To date, as a direct response to the campaign, the
Government has agreed to implement many of these proposals.
However, the politicians are still resisting to the heart of Sarah's Law,
that is parents' right to controlled information about child sex offenders
in their neighbourhood.


They reveal the true depth of depravity that exists
so close to home. It is why we must know who are the paedophiles among
us:
- There are officially more than 110,000 convicted
paedophiles in England and Wales, around seven in every 1,000 men aged
over 20. But experts believe the true figure is far higher because so
few cases reach the courts. This monstrosity knows no class barriers
- 35 per cent of those brought before the courts are from a professional
background.
- Detective Chief Inspector Bob McLachlan, head of
Scotland Yard's paedophile unit, reveals that 64 per cent of paedophiles
re-offend four or more years after their first conviction.

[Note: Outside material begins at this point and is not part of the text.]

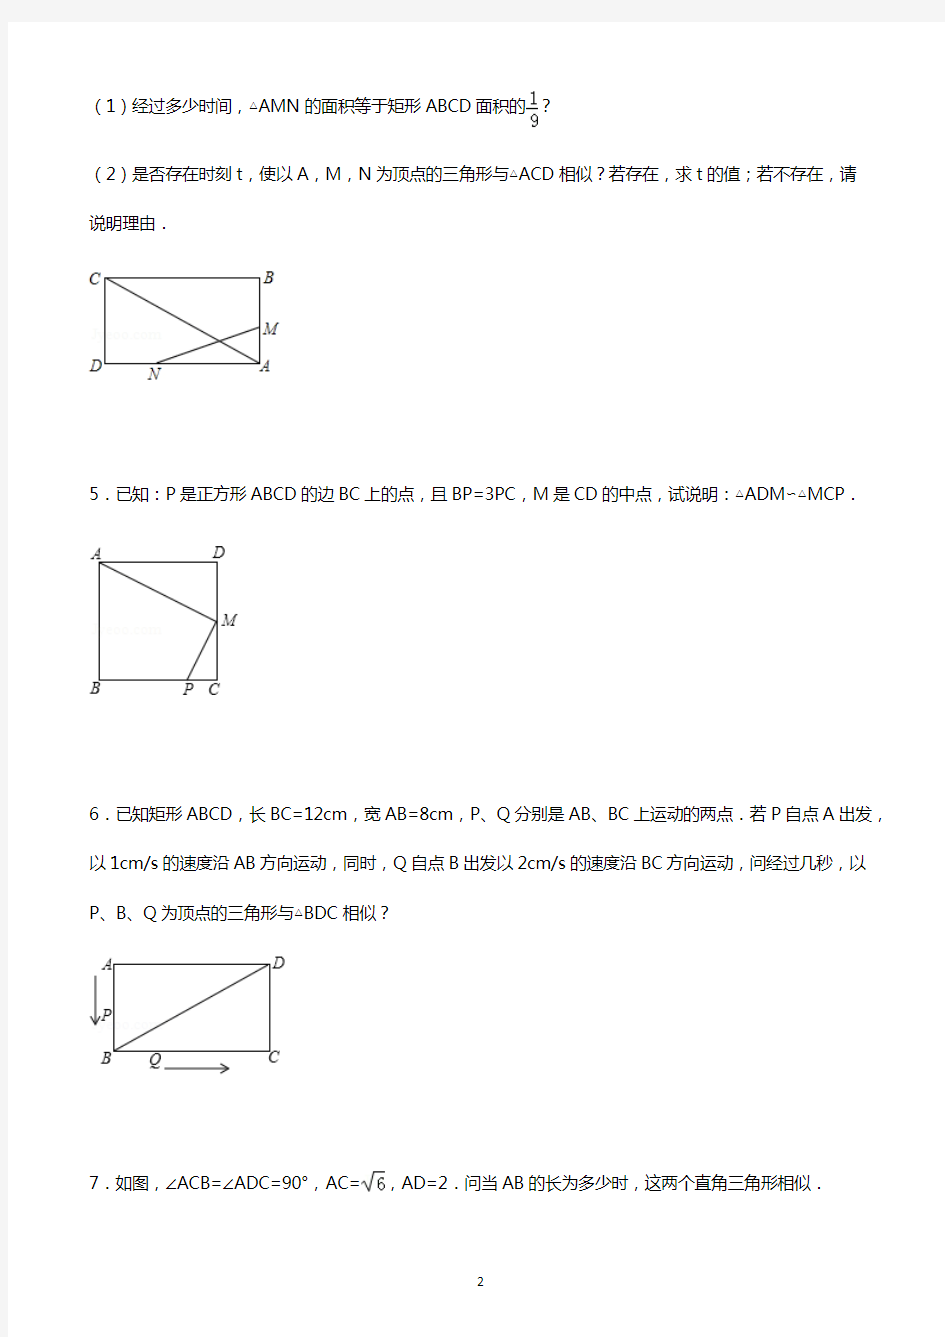 (完整版)初中数学经典相似三角形练习题(附参考答案)

- An independent study on 500 paedophiles found that
they had each molested on average 380 children. Government figures also
show that 30 per cent of offenders have had at least 10 child victims.
Experts believe the average paedophile would have abused 200 children
before ever being prosecuted.
- Between five and nine children are abducted and
killed each year. The grief and despair touches every area of the country.
- There are 4,000 men aged 20-25 with paedophile
convictions and 6,000 aged 26-29. 21,000 are in their 30s and 79,000
over 40. Many paedophiles fall into a cycle of offending which becomes
increasingly serious and frequent.
- The number of convictions for gross indecency with
a child doubled between 1985 and 1995, from 633 to 1,287.
- Adolescents make up one third of all child sex
crime. This means there are around 35,000 teenagers in Britain who have
committed a sexual offence against a child. Because abuse is a persistent
crime, many of these youngsters will turn into adult abusers.
- According to a Home Office survey around one in
60 men born in 1953 had a conviction for some type of sexual offence
by the time they were 40.
- There are 12,000 people on the Sex Offenders Register
which came into force in 1997 and includes all sexual crime. More than
2,200 men cautioned for sex offences each year are required to sign
on to it for five years. But the law does not require people convicted
before 1997 to register on it.
- More than 20,000 child victims of a sex-related
crime rang the Childline and NSPCC helplines last year. But two thirds
of children will never report a sex attack.